___ Information shown ___
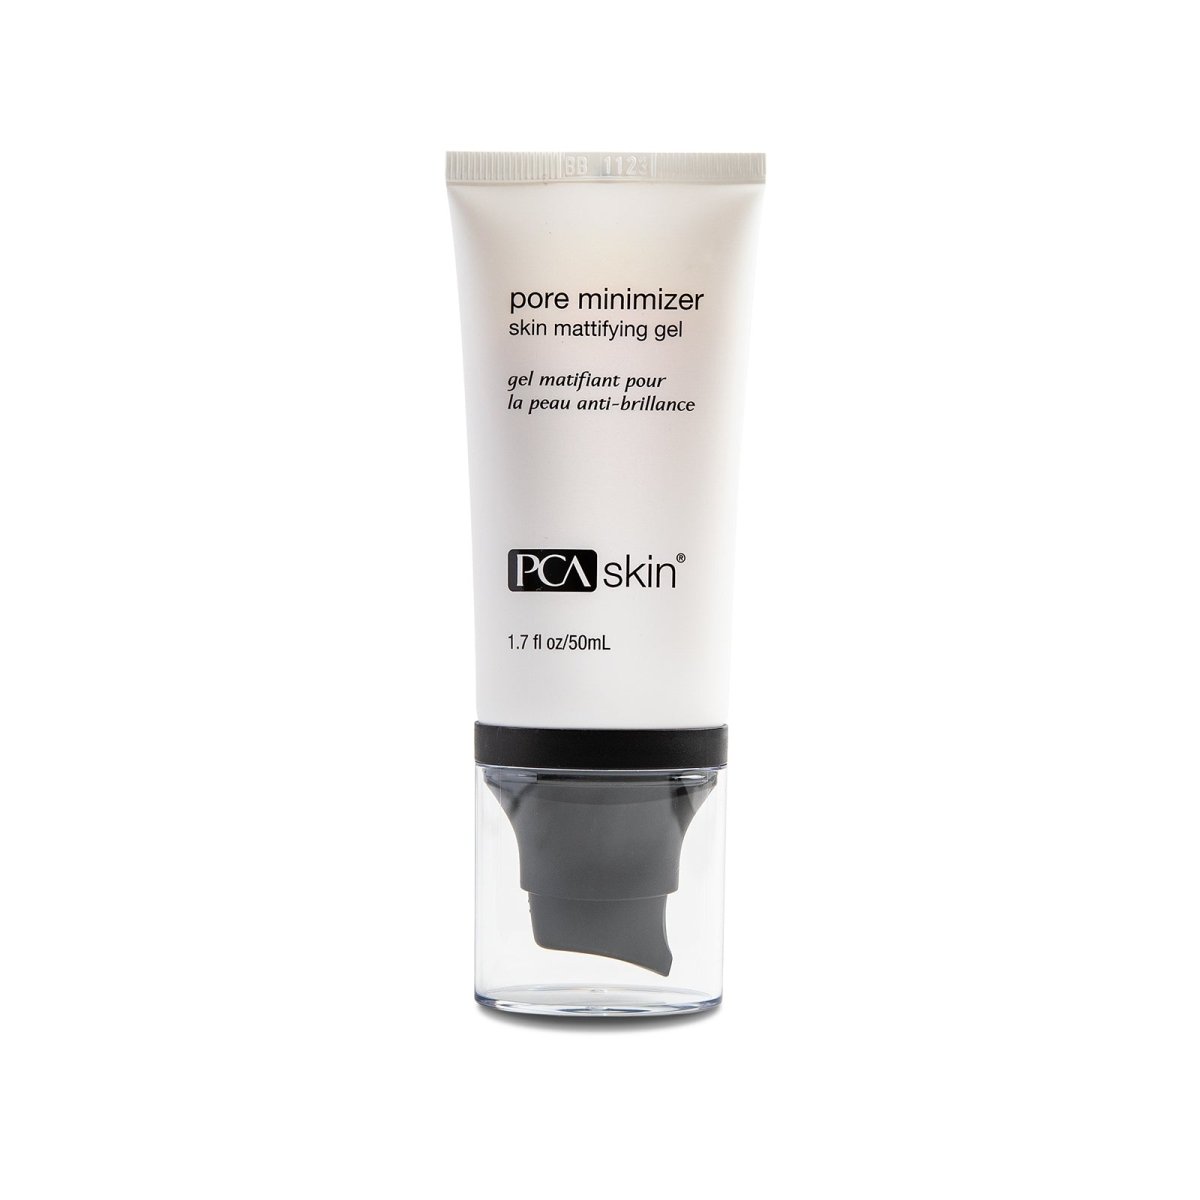 PCA Skin Pore Minimizer Mattifying Facial Gel - SkincareEssentials
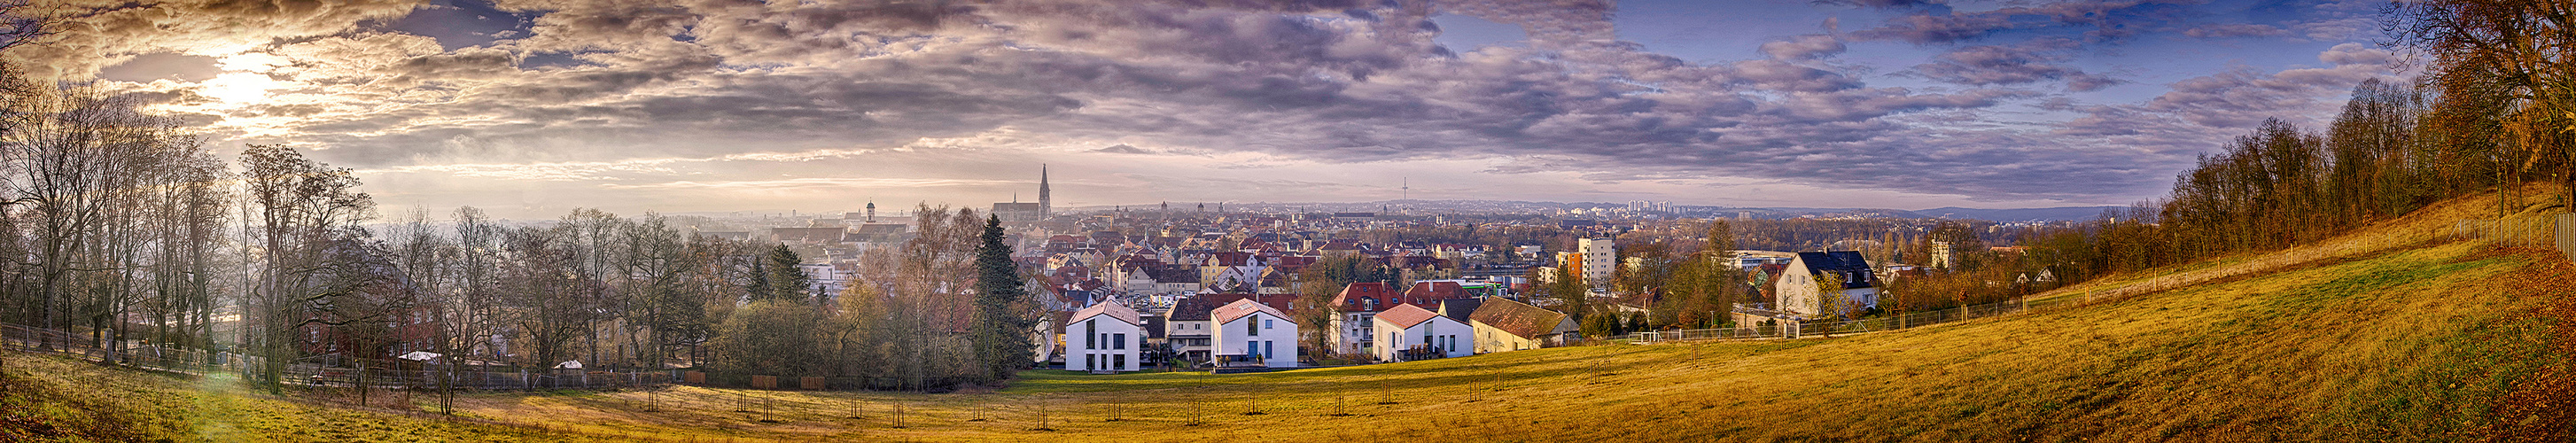 Regensburg Panorama II
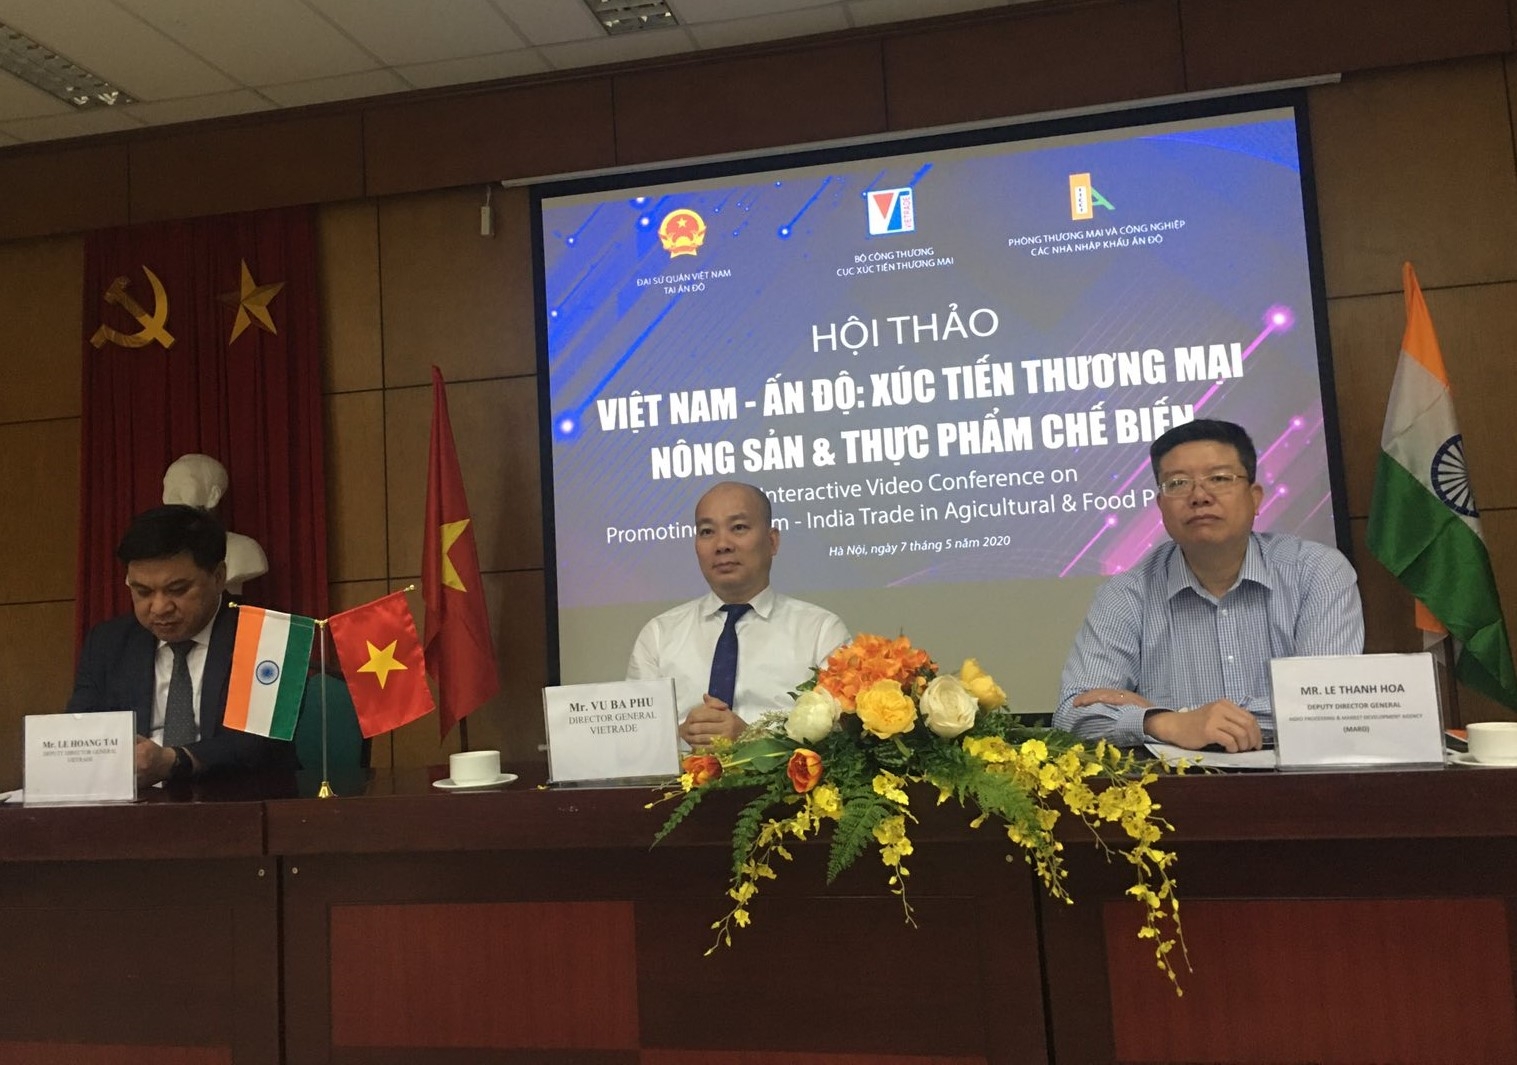 Xúc tiến thương mại nông sản, thực phẩm Việt Nam - Ấn Độ: Không vì Covid-19 mà chùn bước giao thương
___
Work to complete - From the first line to the last, return the material above exactly, apart from the pictures.

Answer below -
 PCA Skin Pore Minimizer Mattifying Facial Gel - SkincareEssentials
 Regensburg Panorama II
 Xúc tiến thương mại nông sản, thực phẩm Việt Nam - Ấn Độ: Không vì Covid-19 mà chùn bước giao thương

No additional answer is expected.